The practice of using macros in general is not the problem. The problem is calling a function through a pointer to the wrong function type. This results in undefined behavior, and in the specific case of x86_64, the undefined behavior could very well lead to invalid or arbitrary code execution due to the way variadic functions work. It needs to be fixed.
(In reply to comment #16) > I'm not yet convinced that this is a problem in the general case. glib has > quite a lot of functions that are sometimes macros... yes, and the problem here is that the macro points to a function with a different prototype as the one used by g_open (the function, which gets compiled anyway, and is exactly the open wrapper we want and need on any non-windows platform). since the function exists already, i see no reason not to use it, instead of doing questionable macro tricks. my patch fixes the issue once and for all. otoh your patch still has the UB on all functions using "(GTmpFileCallback) g_open" (2 occurences in gfileutils.c). additionally the bug will appear again if someone decides to introduce a similar callback typedef in another translation unit.
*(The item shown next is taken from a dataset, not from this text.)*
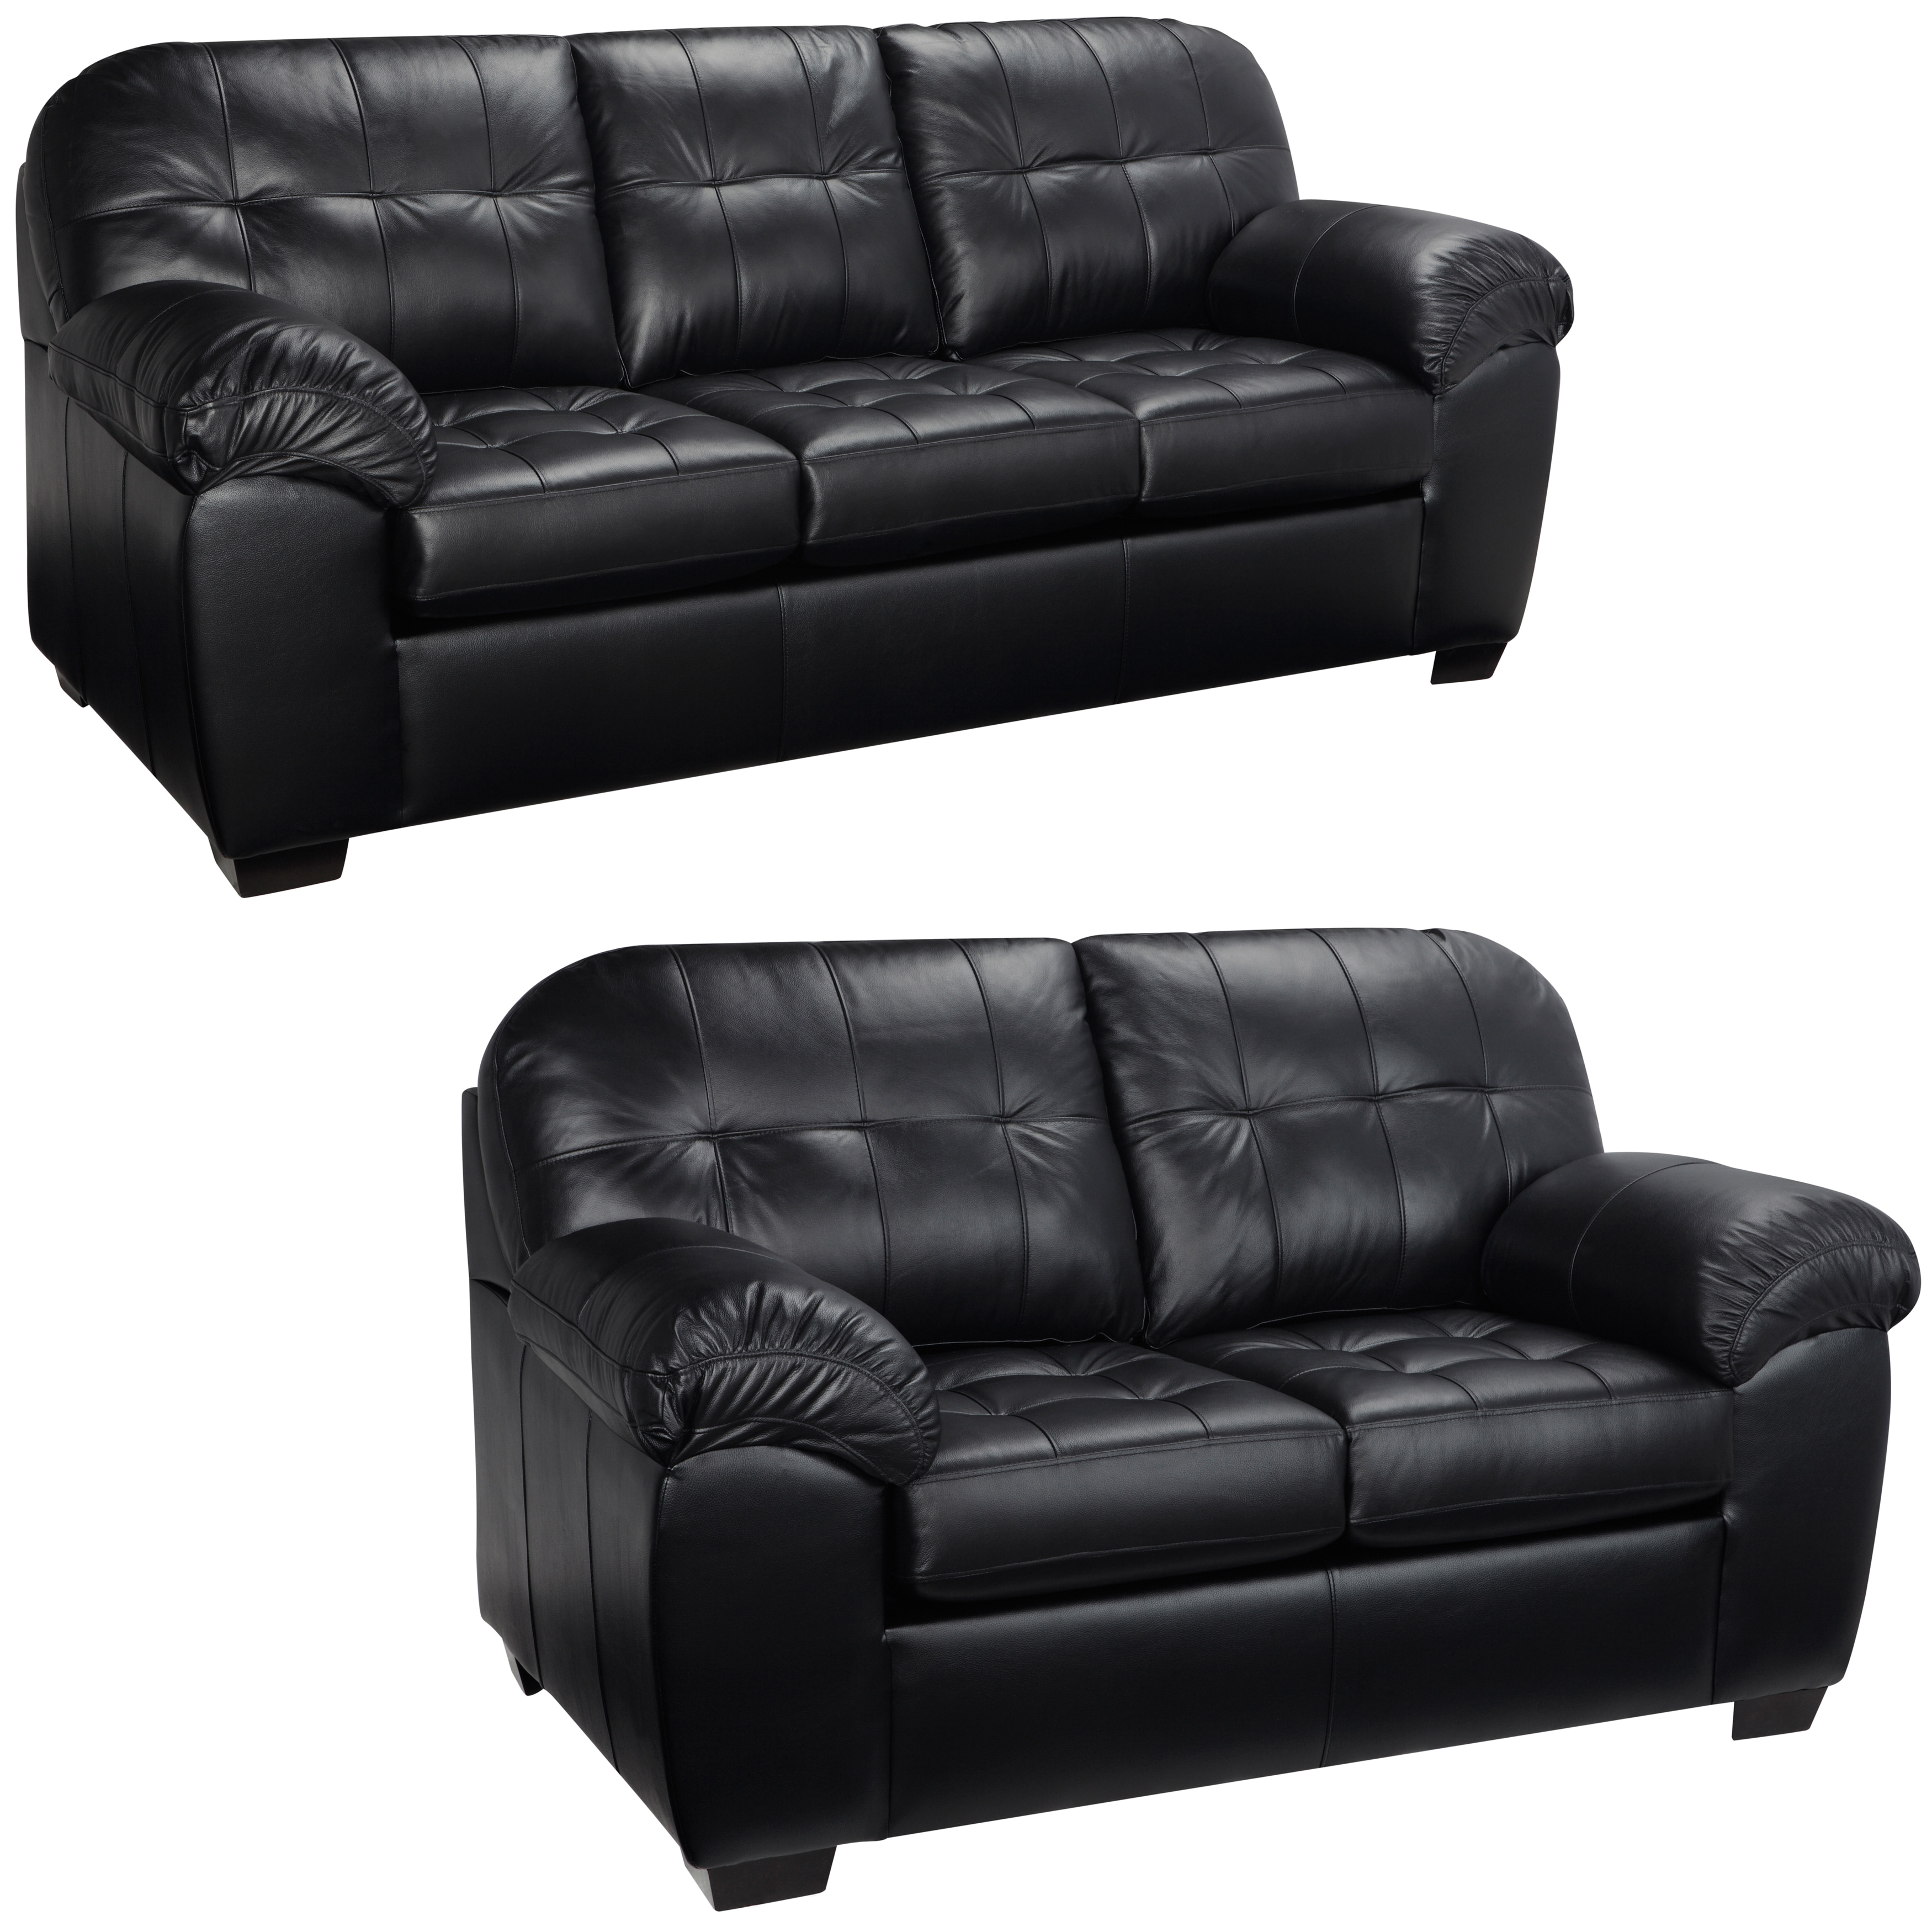 emma tufted sofa comprar sofas cama baratos online black leather and loveseat 91 best reclining

Attachment 228160 [details] pushed as b26fb3a - Don't call varargs open() through non-varargs type After chatting about this on IRC, John ACKed that my patch fixes the issue as reported. On the topic of the theoretical problems caused by having g_open() that is sometimes a macro and sometimes a function, there are arguments on both sides: - g_open as a possibly-varargs macro can be dangerous for future problems similar to the one fixed here - g_open as a wrapper function can be dangerous for platforms that define oddly-sized/typed flags or mode arguments One thing that is clear though is that the proposal to always wrap g_open() with a non-varargs function would break the case where people call: g_open (filename, O_RDONLY); which is an unacceptable API break. We should probably reevaluate the meaning of gstdio.h in a greater sense at some future date that we're feeling like doing API/ABI breaks.
Created attachment 228307 [details] [review] alternative fix based on owen's idea as discussed on IRC this fixes 2 issues: - the UB resulting from the function pointer mismatch - the mismatch on windows, where 2-args g_open calls didnt work, while on UNIX they did
ping. ryan, you said on IRC that you would apply a patch based on owen's idea, if i would come up with one. that was already after you applied your earlier patch. getting it done right including testing took me nearly an hour, so please apply as agreed.